> _Exercise prompt_
Could you retype exactly the lines below between the one holding "Bank of England" and the one holding "St Paul's Cathedral, ikonische", inclusive, leaving out any pictures?

> _Given entries_
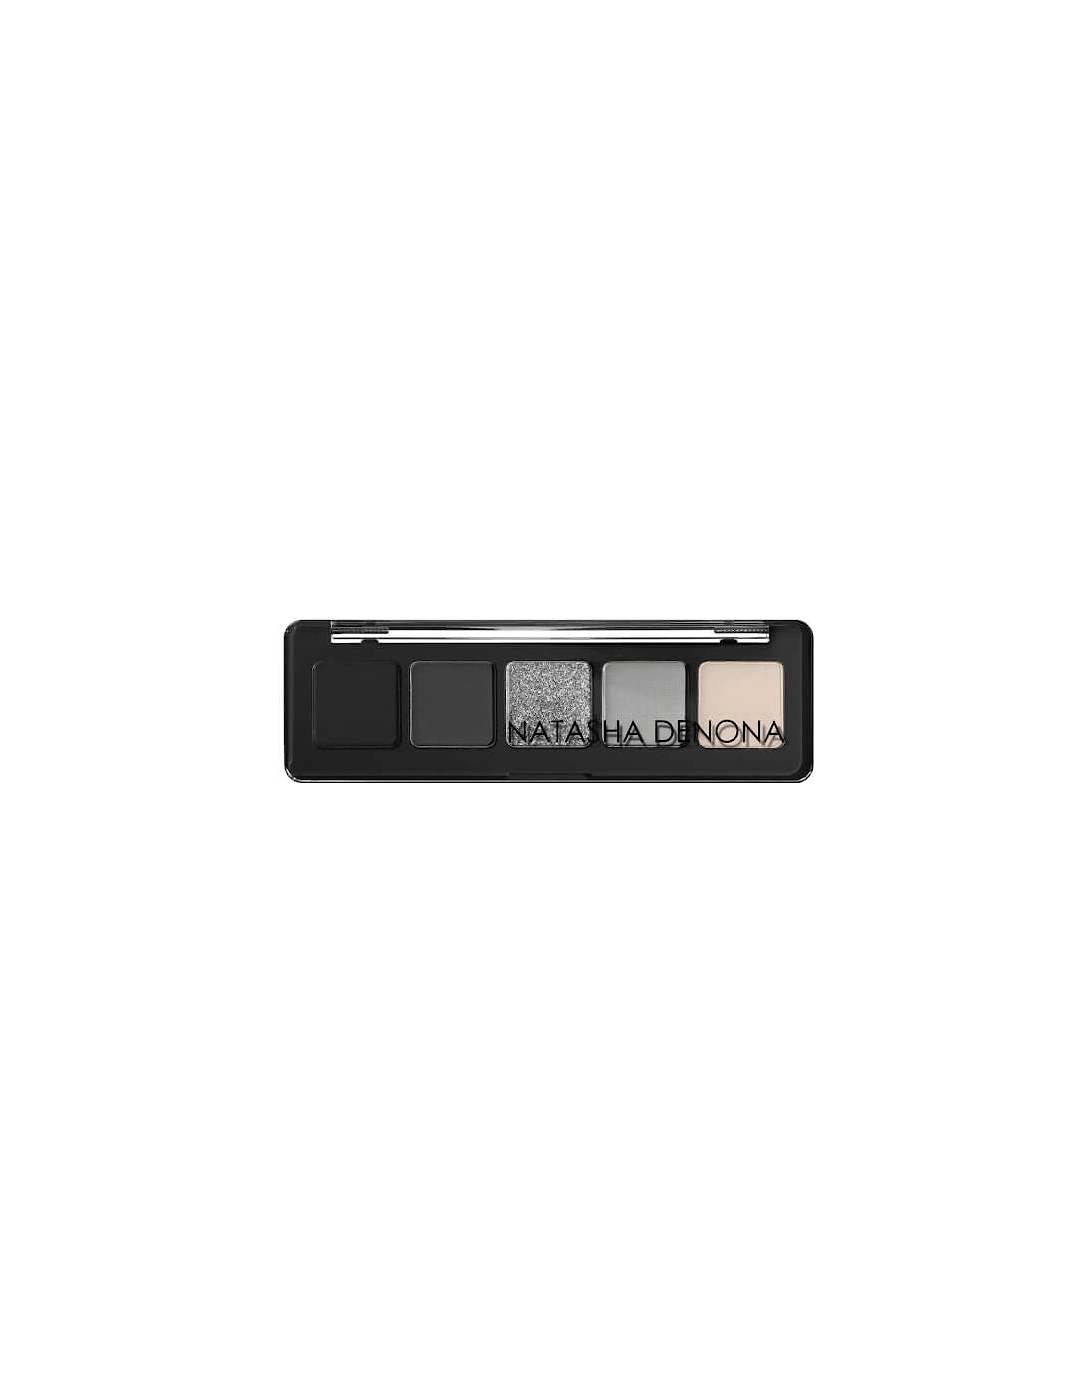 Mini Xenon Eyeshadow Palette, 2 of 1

==

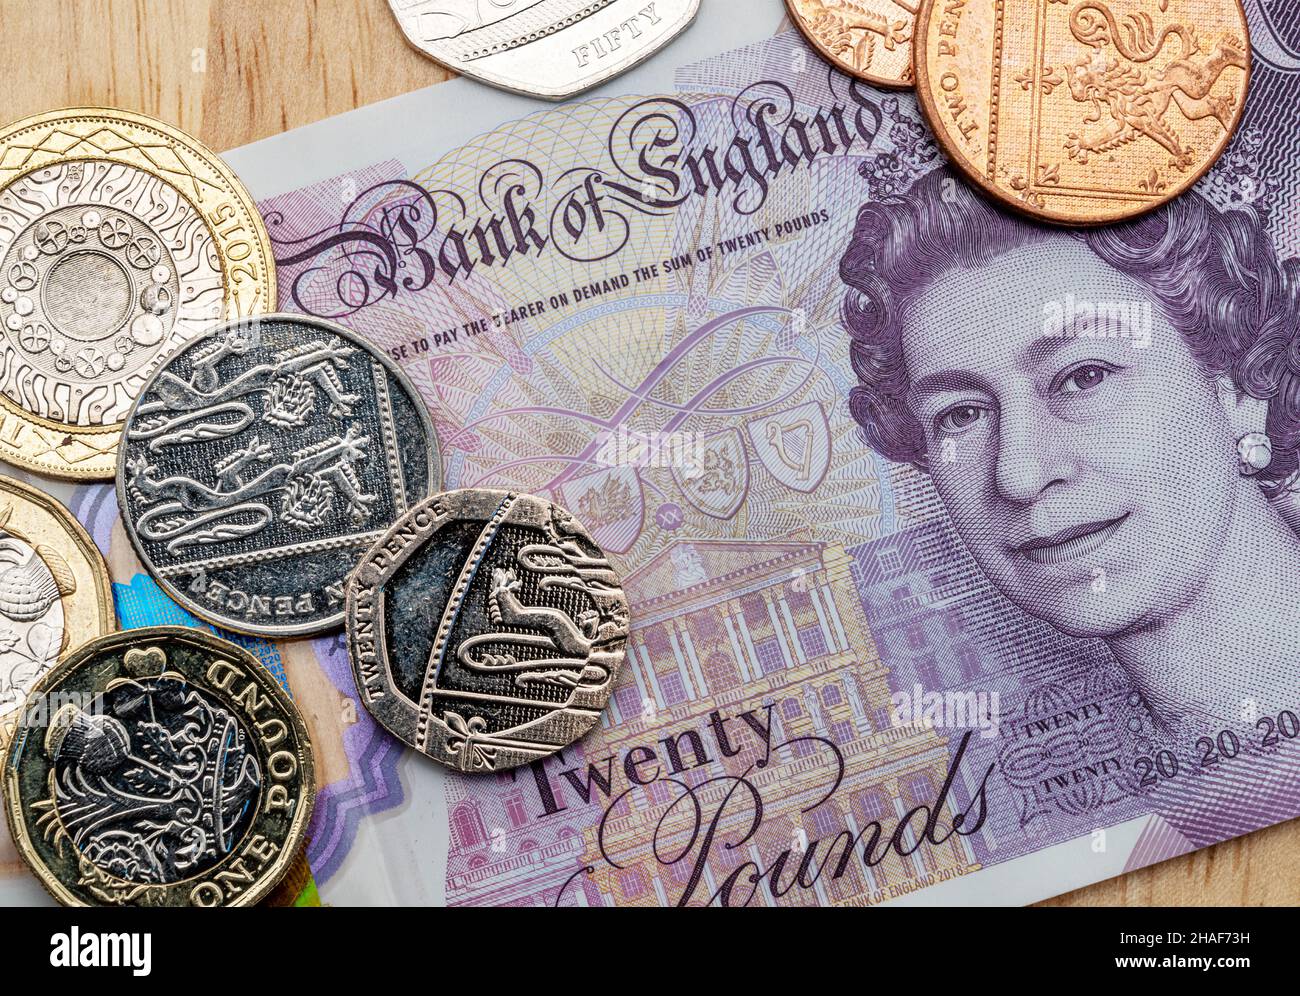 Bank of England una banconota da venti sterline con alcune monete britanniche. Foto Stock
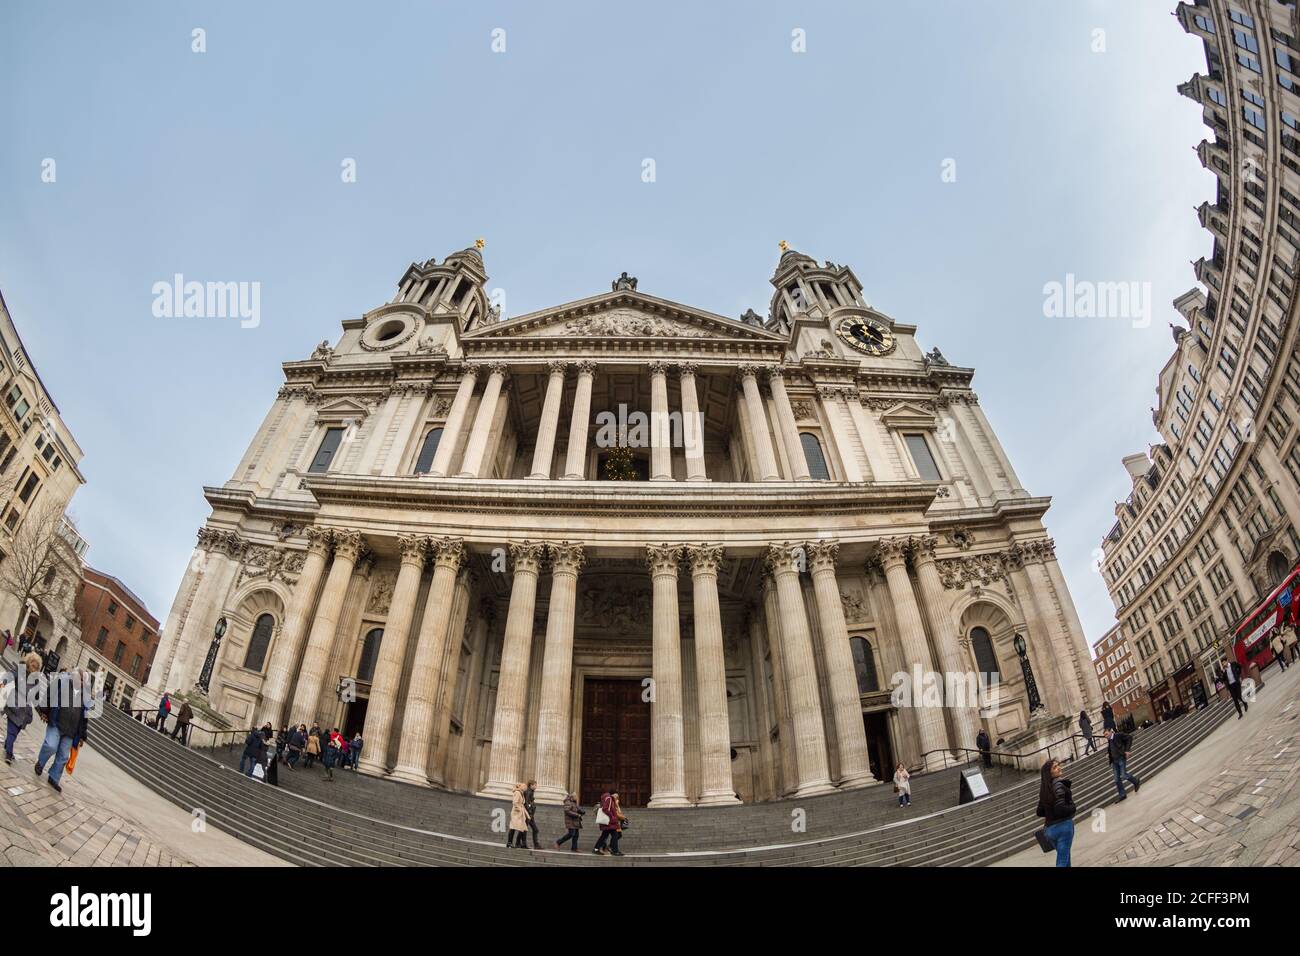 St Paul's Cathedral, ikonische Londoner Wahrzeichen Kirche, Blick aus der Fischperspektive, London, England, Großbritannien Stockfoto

> _Solution_
 Bank of England una banconota da venti sterline con alcune monete britanniche. Foto Stock
 St Paul's Cathedral, ikonische Londoner Wahrzeichen Kirche, Blick aus der Fischperspektive, London, England, Großbritannien Stockfoto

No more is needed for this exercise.